Senior military officers have defended the deployment on national security grounds but the mission — dubbed Operation Faithful Patriot — raises a slew of questions, with many veterans condemning it as a political stunt by a President eager to fire up his political base just days away from the midterm elections.
“Donald Trump thinks unarmed people who are fleeing horrors and are still 1,000 miles away are a national security threat a week before election day?” said Will Fischer, a former Marine who now works for the VoteVets, a progressive veteran’s organization.
“I don’t think so,” Fischer said. “It’s a political ploy to blow upon the embers of racism and nativism, and he is using the military again as a political prop to advance his own agenda”
Fischer and other veterans point to the unknown cost to taxpayers, given that much smaller deployments of National Guard to the border have cost hundreds of millions of dollars. They also question the cost the military will bear, as the operation pulls troops away from training, other missions and their families. And then, they say, there’s the murky legality of the mission, its scope and its purpose.

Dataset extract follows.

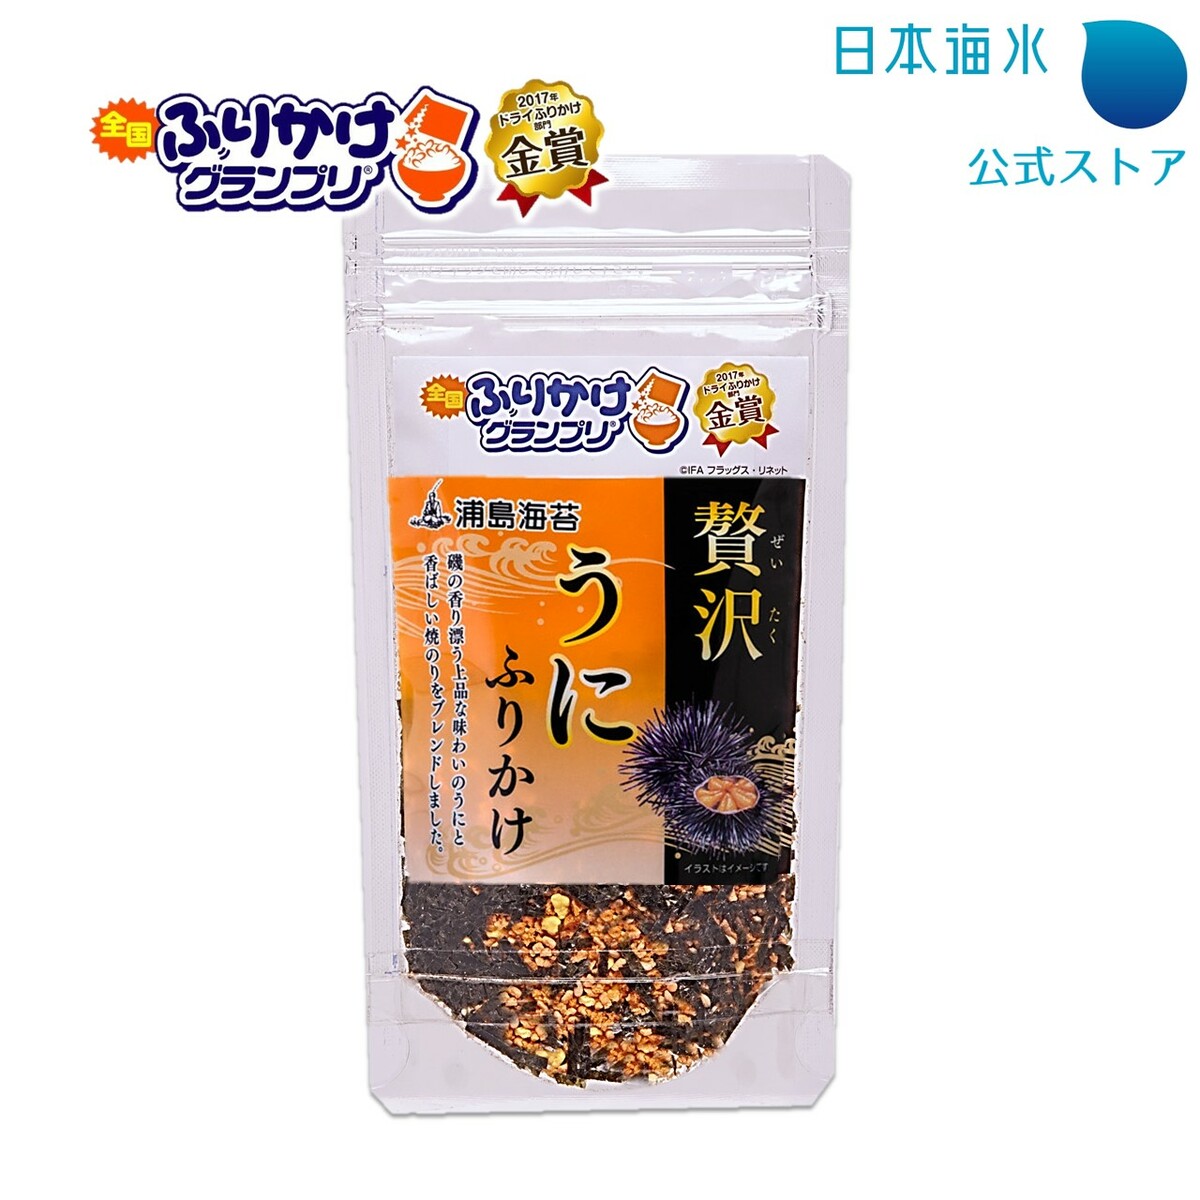 Premium Sea urchin Furikake (Rice seasoning) 35g
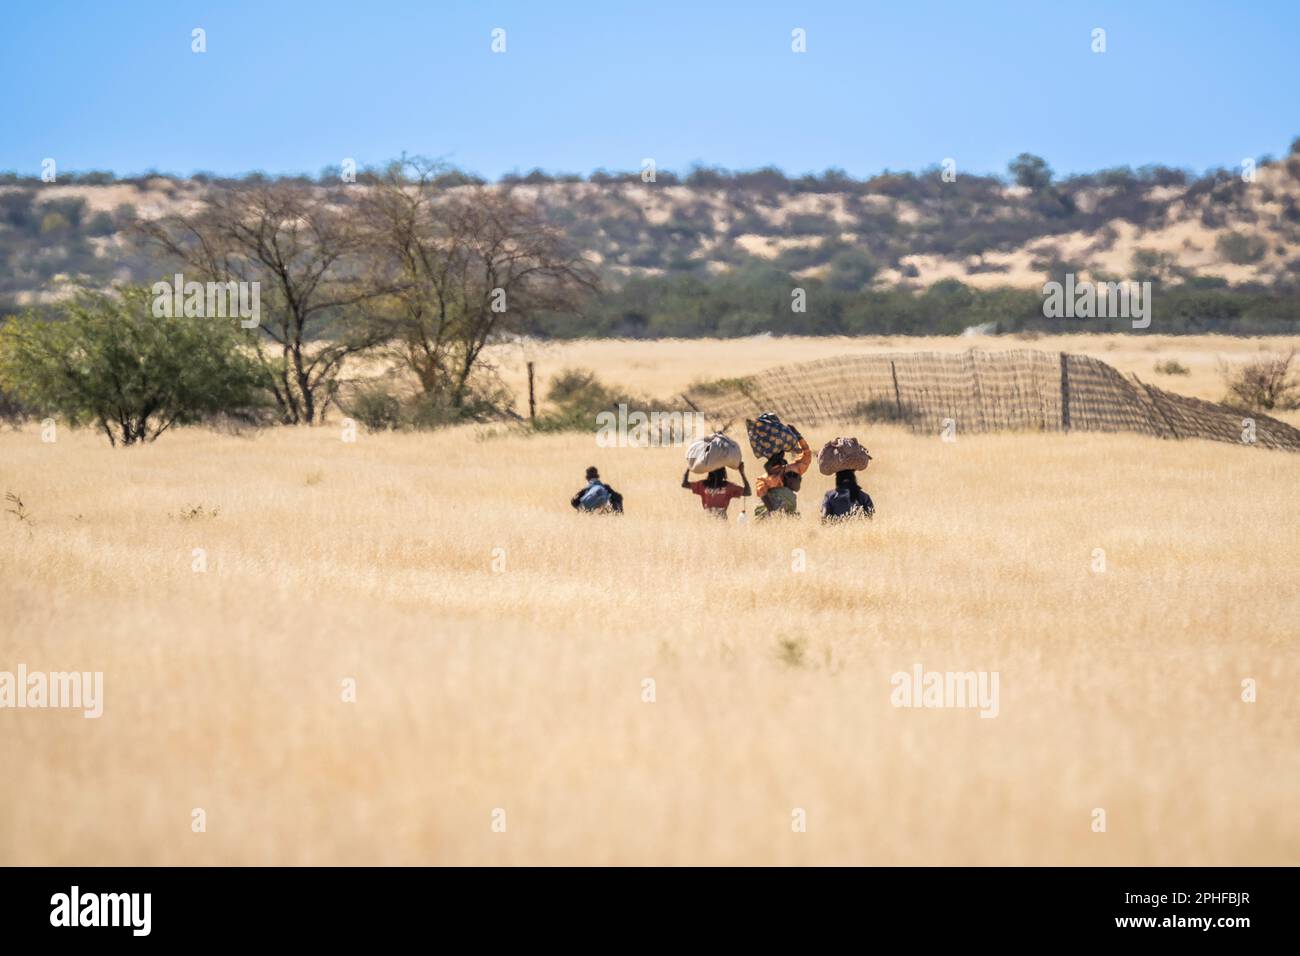 Les habitants africains, les femmes et les enfants, marchant dans des prairies sèches et élevées portant des articles sur leur tête. Namibie, Afrique Banque D'Images

Still, the Pentagon appears ready to move forward with the deployment and military officials said Tuesday that the number of troops is likely to exceed 5,200, a total that will surpass the number of US military personnel currently fighting what remains of ISIS in Iraq and Syria.
US troops will join over 2,000 National Guardsmen who are already at the border, meaning upwards of 7,000 American forces will be mobilized to stop Central American migrants that are still some 900 miles away from the border and weeks away from arriving in the US.
Currently, 5,239 troops are scheduled for deployment to the border but that number will likely grow, according to Gen. Terence O’Shaughnessy, the head of Northern Command, who said that the Pentagon does not yet know how many more forces might be added.